+<?xml version="1.0" encoding="UTF-8"?>
+    <bookinfo>
+        <graphic fileref="logo.jpg"/>
+        <productname>eXist-db – Open Source Native XML Database</productname>
+        <title>Extracting Content from Binary Files</title>
+        <date>September 2012</date>
+    </bookinfo>
+    <chapter>
+        <section>
+            <title>Overview</title>
+            <para>eXist-db excels at querying, indexing, and manipulating XML files. The Content
+                Extraction module extends eXist-db's XML abilities to binary files. The module
+                contains functions for extracting the content of the binary files, and returning the
+                content as XML. In this form, the content can then be queried, indexed, and
+                manipulated. This module is built on the <ulink url="http://tika.apache.org/">Apache
+                    Tika</ulink> library.
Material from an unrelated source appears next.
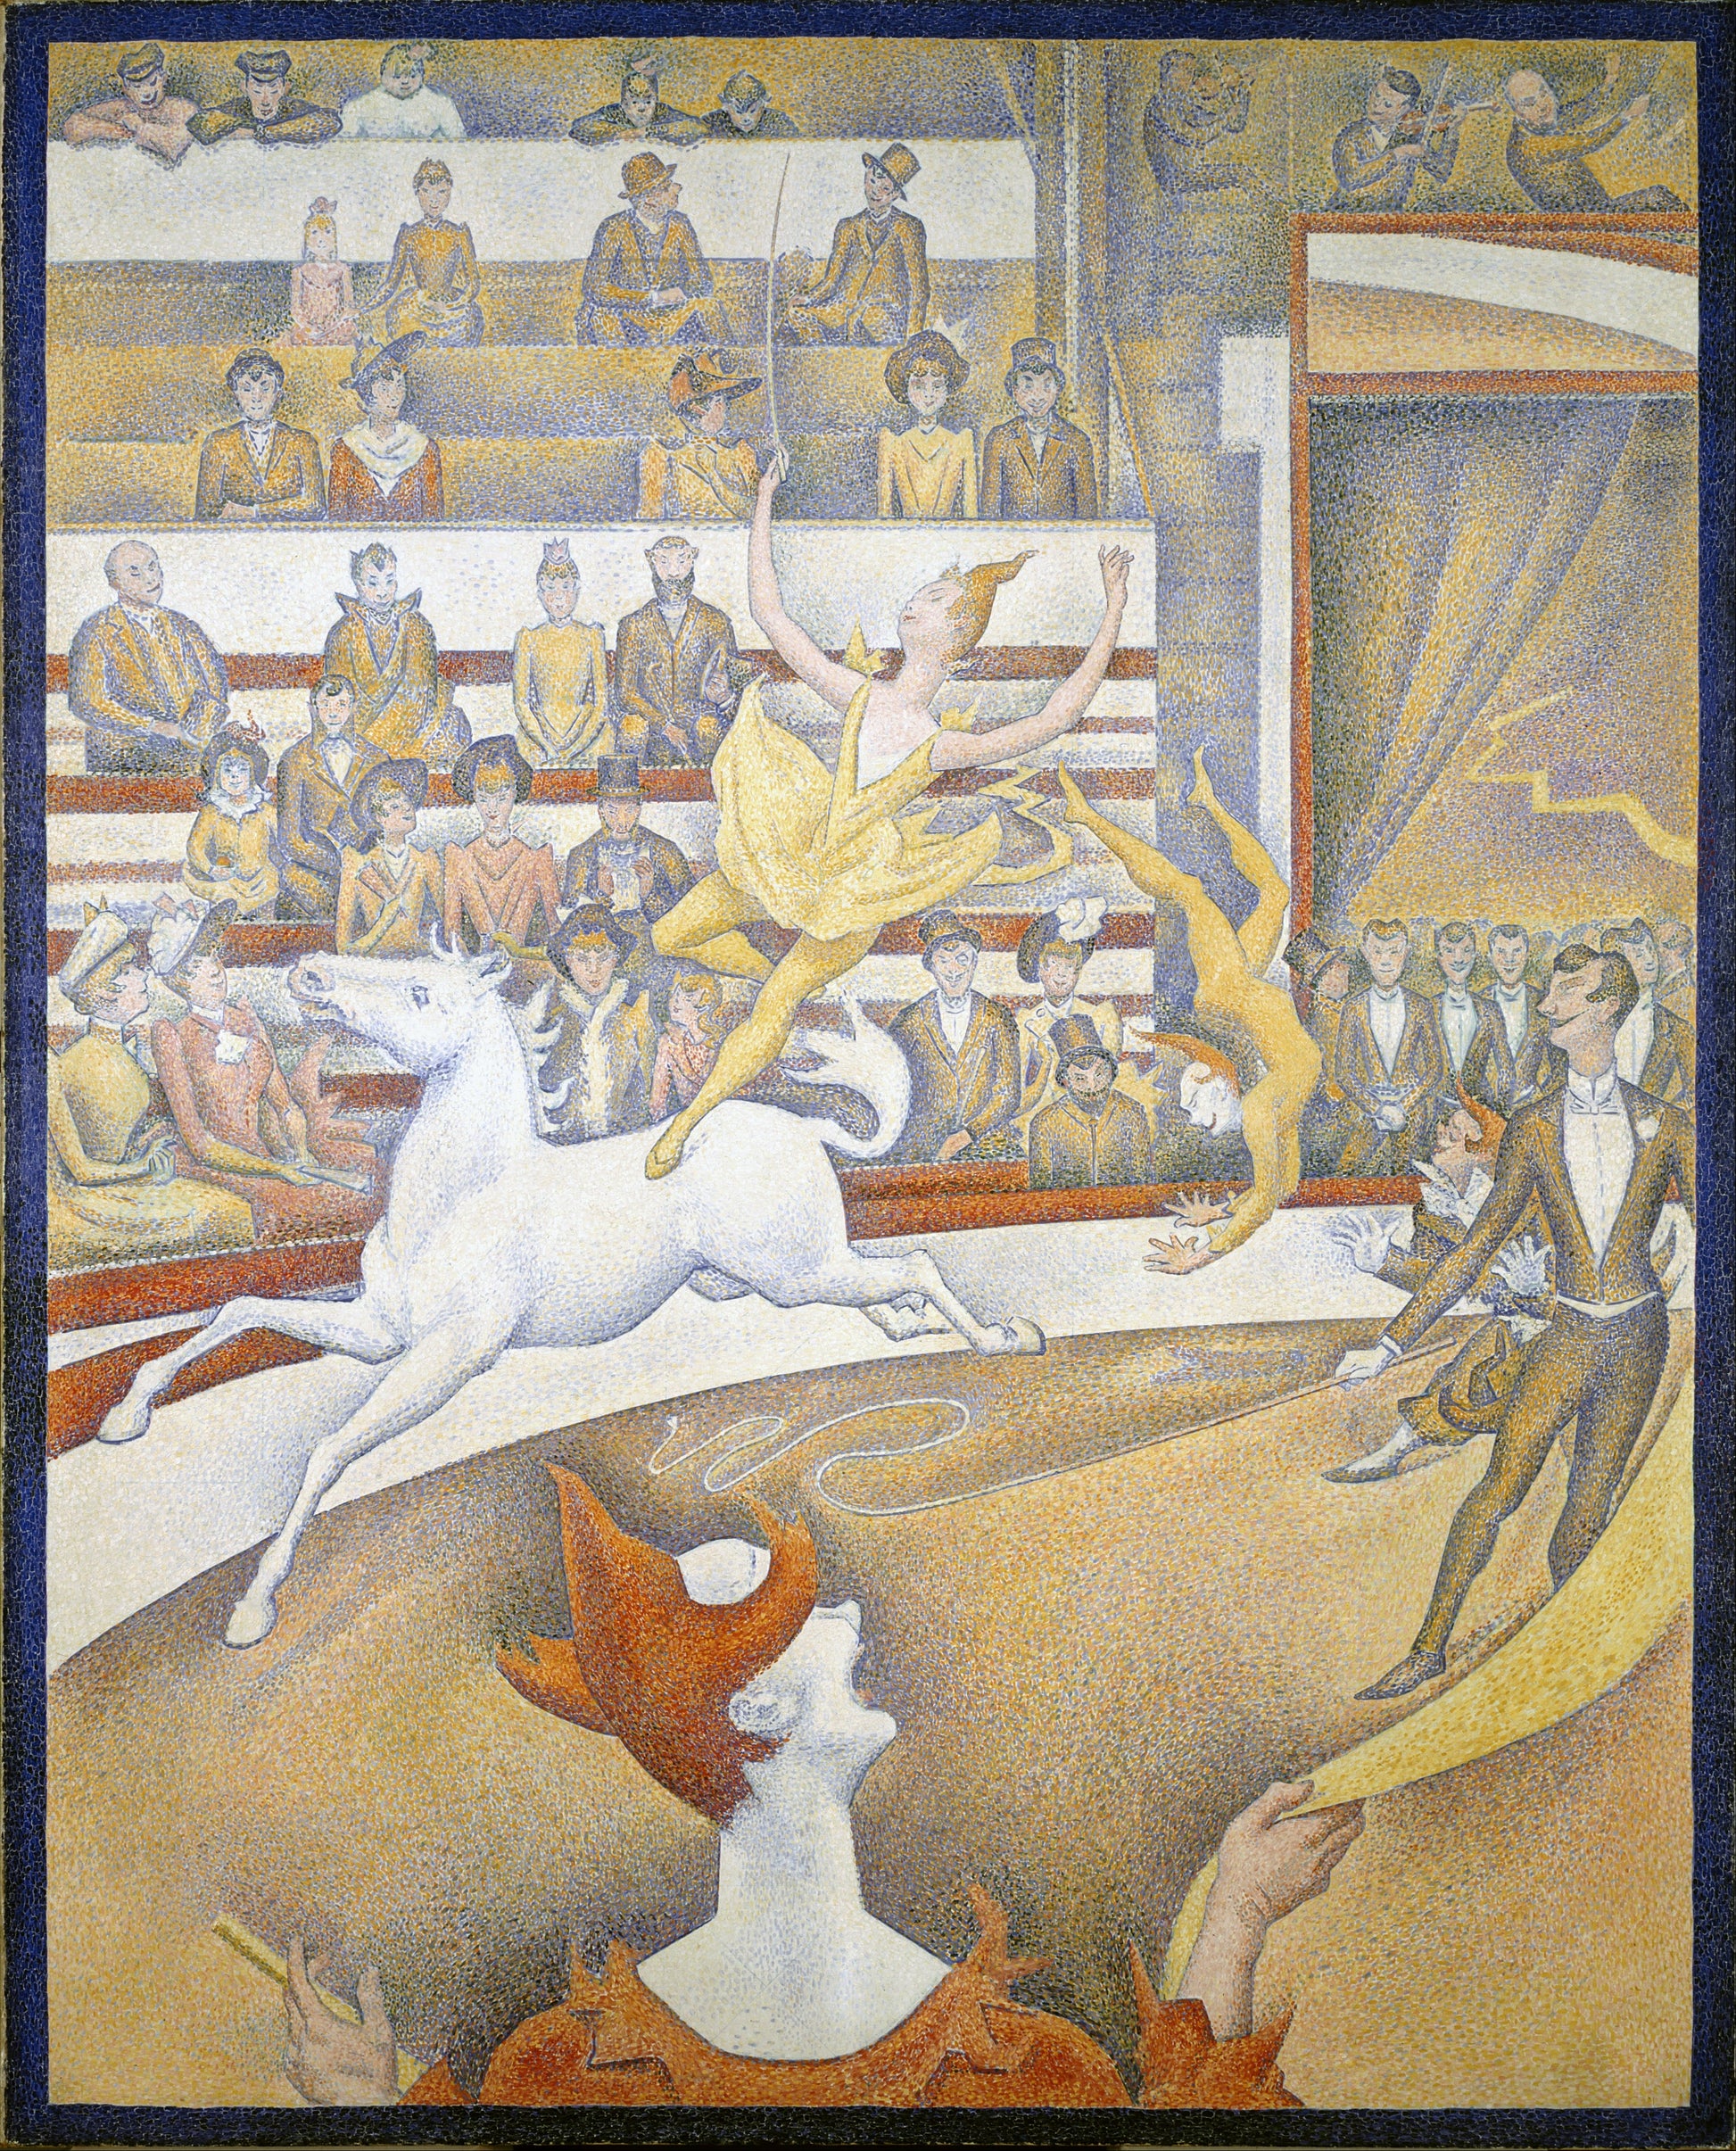 The Circus (1880s) | Georges Seurat prints Posters, Prints, & Visual Artwork The Trumpet Shop

Tika understands a large variety of formats, ranging from
+                PDF documents to spreadsheets and image metadata.</para>
+        </section>
+        <section>
+            <title>Enabling the Content Extraction Module</title>
+            <para>To enable the content extraction module, edit
+                EXIST_HOME/extensions/build.properties and set the include.feature.contentextraction
+                property to true:</para>
+            <synopsis># Binary Content and Metadata Extraction Module
+include.feature.contentextraction = true</synopsis>
+            <para>Next, call build.sh/build.bat from eXist's top directory to build the module. You
+                should see in the output how the various libraries from the Tika project are
+                downloaded and installed.</para>
+        </section>
+        <section>
+            <title>Usage</title>
+            <para>To import the module use an import statement as follows:</para>
+            <synopsis>import module namespace content="http://exist-db.org/xquery/contentextraction"
+    at "java:org.exist.contentextraction.xquery.ContentExtractionModule";</synopsis>
+            <para>The module provides three functions:</para>
+            <synopsis>content:get-metadata($binary as xs:base64Binary) as document-node()
+content:get-metadata-and-content($binary as xs:base64Binary) as document-node()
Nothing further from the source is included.